The visual that may best show the difference between the 2016 Eagles defense and the 2015 version came on a play that didn't even count on Sunday.

Connor Barwin stripped quarterback Sam Bradford and Malcolm Jenkins pounced on the fumble, popped up and ran the other way with nine other Eagles trailing behind. There wasn't a Vikings player in the vicinity and only a few chased.

"It was just kind of a picture of how we came to play and how they came to play," Barwin said.

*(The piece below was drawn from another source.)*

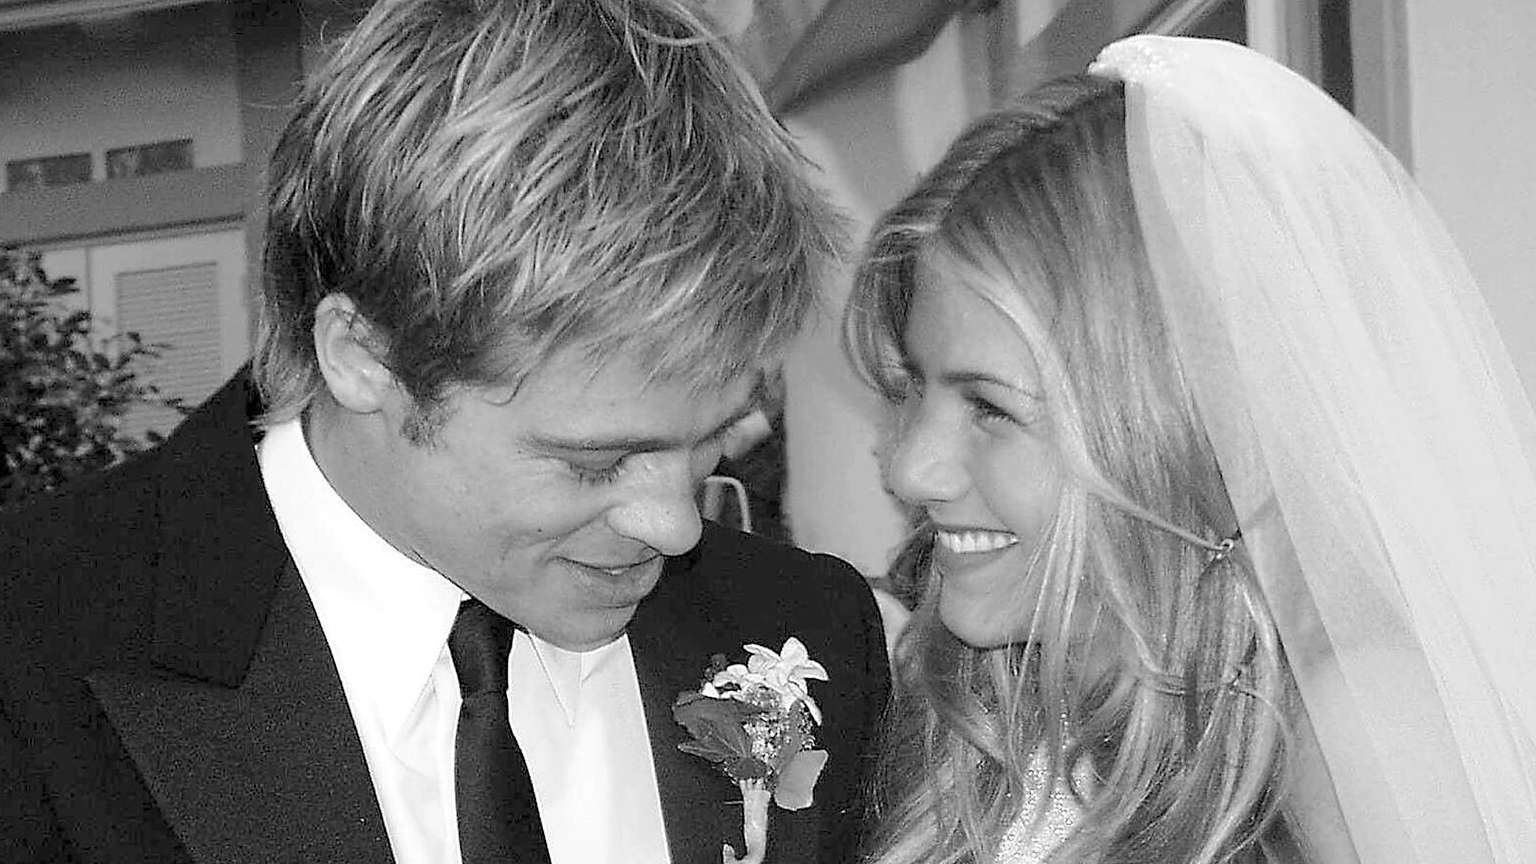 Jennifer Aniston y Brad Pitt el día de su boda. Todo terminó cuando él se enamoró de Angelina Jolie en el set de "El señor y la señora Smith", a finales de 2004 
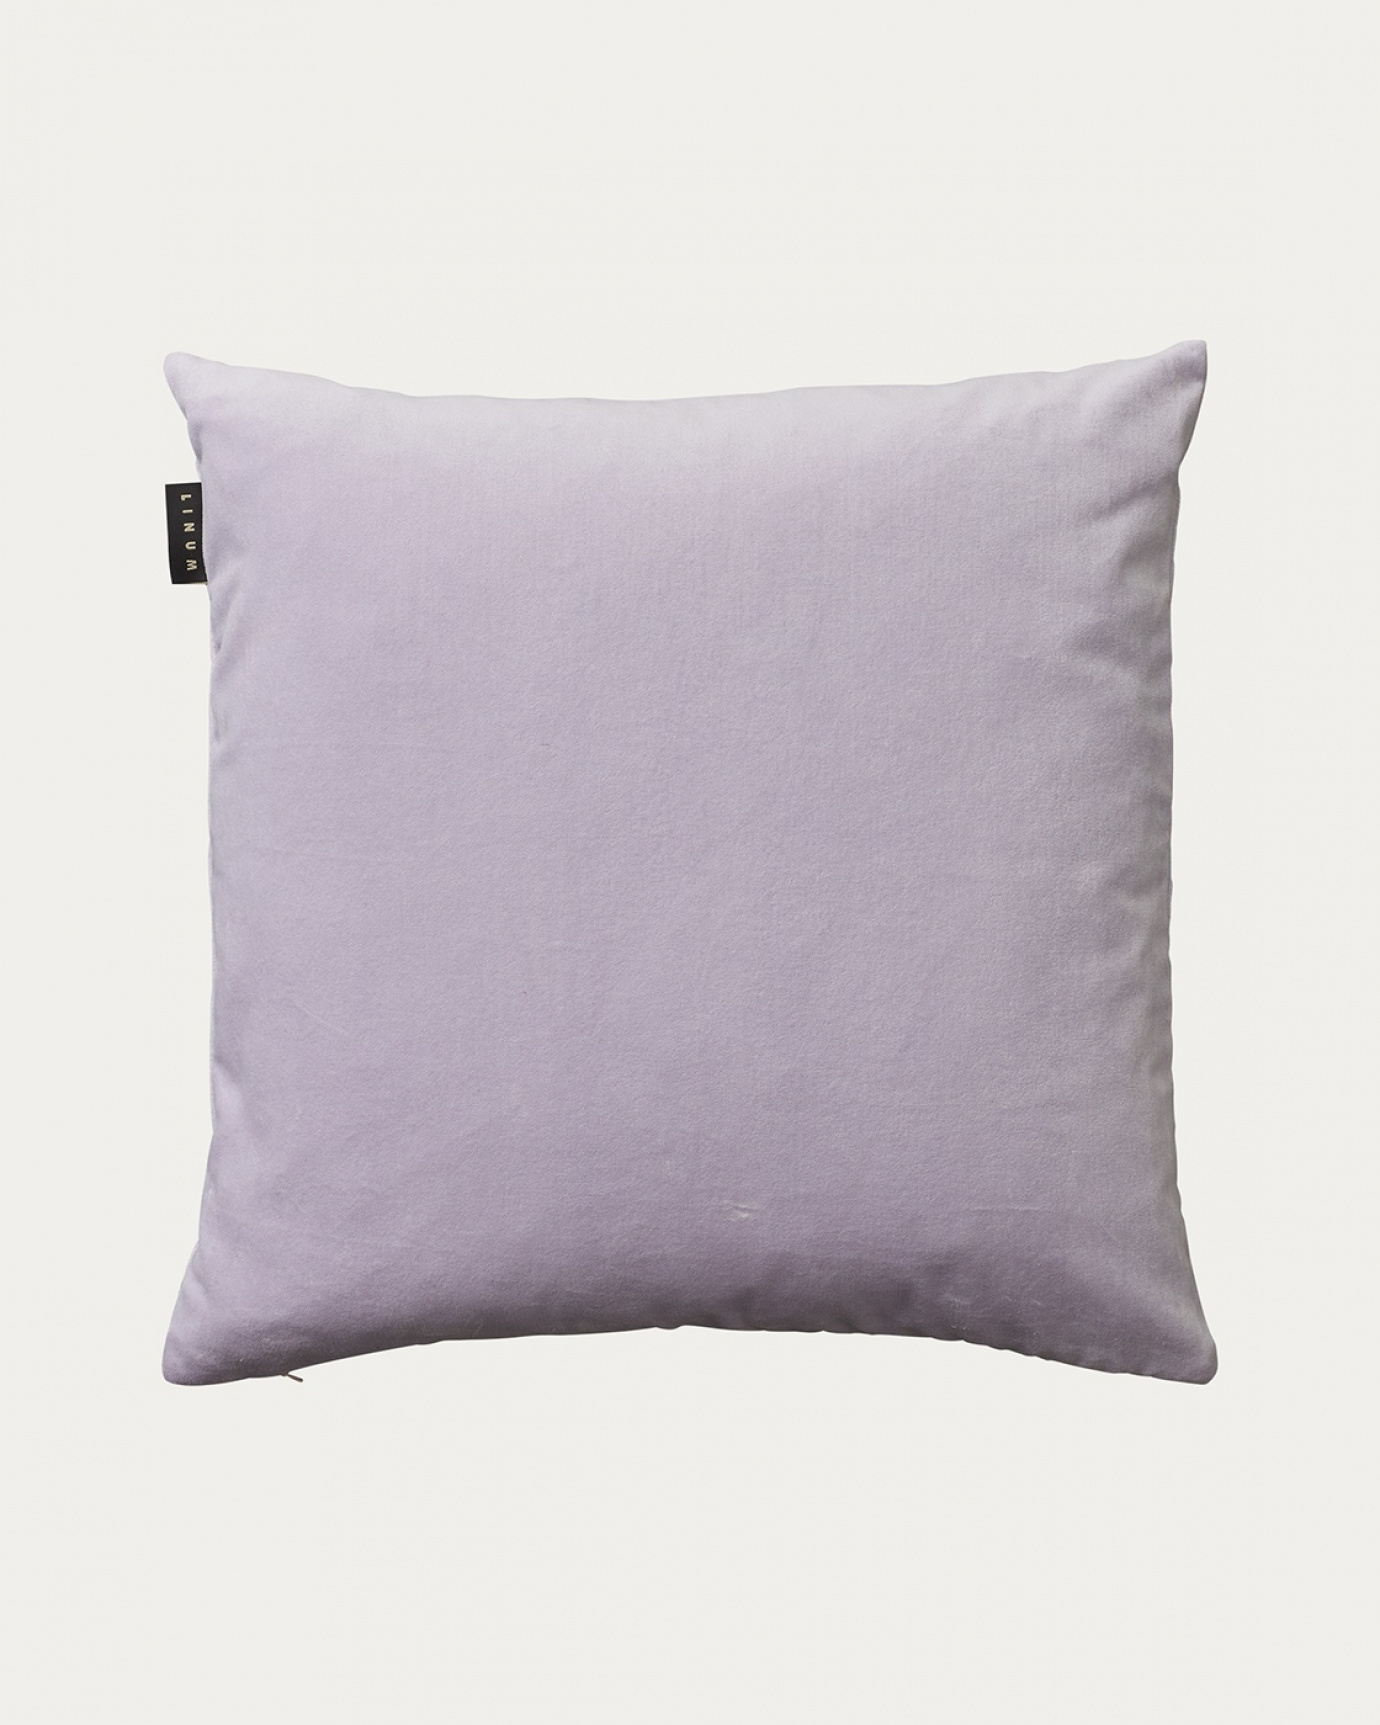 Produktbild strahlendes lavendellila PAOLO Kissenhülle aus weichem Baumwollsamt von LINUM DESIGN. Größe 50x50 cm.

The touchdown was brought back after Jenkins was ruled down. But the effort stood in contrast to last November, when Buccaneers running back Doug Martin ran free to that exact corner of the end zone at Lincoln Financial Field and only Barwin and a few others gave chase.

Inside the locker room

Josh Huff reached a maximum speed of 21.2 mph during his 98-yard kickoff return for a touchdown against the Vikings, according to the NFL. But does that make him the fastest Eagle?

Most players say that designation belongs to either Huff or cornerback Nolan Carroll. Last year, the latter had a faster speed, according to GPS technology. Carroll hit a top speed of 22.7 mph while Huff's best was 22.4.

"I'm more a football speed guy," said Huff, who ran only a 4.5-second 40-yard dash at the NFL scouting combine three years ago.

Carroll said he didn't know his speed this year. Wide receiver Bryce Treggs, who was signed just last month, said he has yet to be clocked, but some in the locker room said he could be the fastest.

By the numbers

74 - Number of plays the Eagles have run off the left or right end, which is tops in the NFL. They average 4.5 yards per carry on those rushes. The league average per team is 37.6 outside rushes.

11.3 - Percentage of pass plays (11 of 124) that Zach Ertz has stayed in to block. Brent Celek has blocked on 42.3 percent of his pass snaps (25 of 59).

46.4 - Percentage of third downs 5 yards or fewer that the Eagles have been successful converting. (They are 28.6 percent on third and 6 or more.)